While smartphones aren't high on the purchase priority list right now, demand is expected to rebound sharply later this year and into 2021. Many of those new phones will need to be equipped with 5G connection-enabling chip sets, which plays into Skyworks' favor. The company also designs systems and hardware for the many other devices that will eventually be hooked up to 5G in the coming years, from vehicles to manufacturing equipment to medical devices. With a market cap of $22 billion, this is still a relatively small company that could pick up lots of new mobility market share in the not-so-distant future.
Much like Xilinx, Skyworks is still trying to pull itself out of a slump after trade war difficulties, but 5G holds the answer to the problem. Trading for 23.9 times trailing free cash flow, it too isn't particularly cheap. Nevertheless, this company has zero debt and $1.11 billion in cash on the books. As 5G continues to spread, shares look like a good long-term value right now.

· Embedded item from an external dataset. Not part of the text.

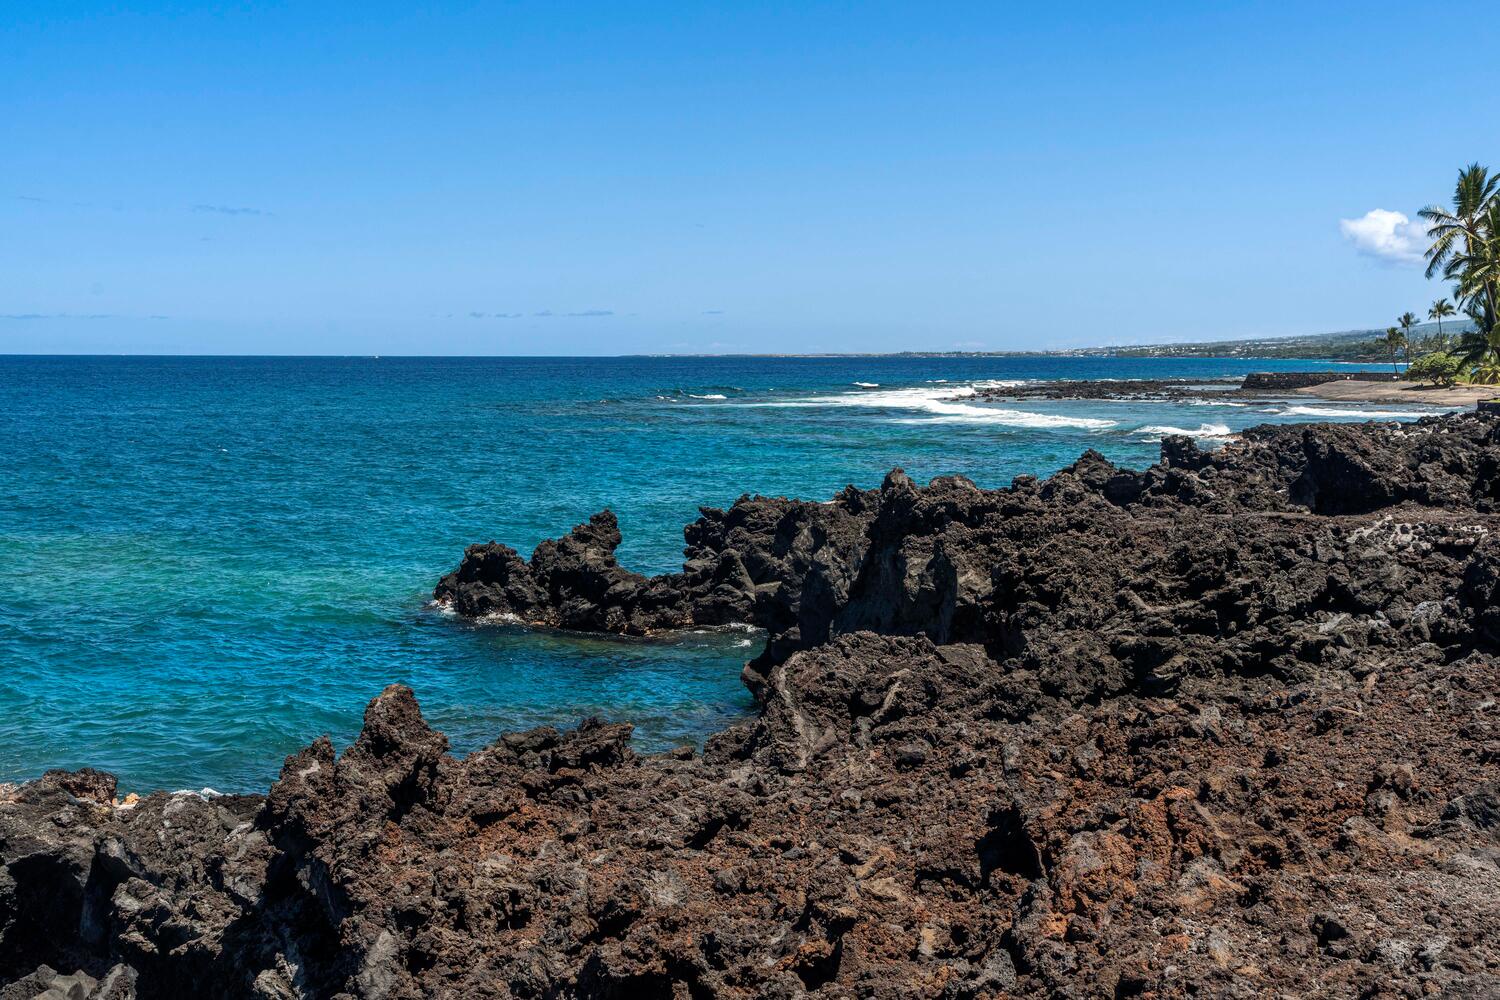 Kailua Kona Vacation Rentals, Keauhou Kona Surf & Racquet 1104 - More Ocean Views!

Firming up the back-end of the network
Speaking of small companies, Ciena is by far the smallest company on this list, with a market cap of just $8.6 billion. However, it's well on its way to getting a lot bigger. Shares are up over 20% since I called Ciena a best of 2020 5G stock a few months ago, and its run may be far from over.
Ciena provides fiber optic equipment and software management tools for network operators. As 5G is a wireless tech, what does Ciena have to do with it? While 5G is mobile for the consumer, network operators need to build out physical infrastructure to support the high-speed 5G radio signals that get delivered to customers. That means fiber optic line and network switches, as well as modern and more flexible software-defined networking management. As mobility has grown, Ciena has also slowly but steadily grown over the years. But new 5G standards could provide a big bump higher.
Along the way, the company's software platform has taken off and boosted profit margins. That is leading to some dramatic upside for the bottom line. For example, during the company's fiscal 2020 second quarter, revenue increased just 3.4%, but adjusted earnings per share soared 58%. As the internet goes increasingly mobile, demand for Ciena's fiber optic products and software-defined networking toolkit should keep profitability headed north.
Given the fast-developing profitable scale at Ciena, a price-to-free cash flow ratio of 23.0 seems like quite the value. With the world adjusting to higher internet reliance and the need for more data to be processed via the web, this small modern-day infrastructure company is near the top of my buy list.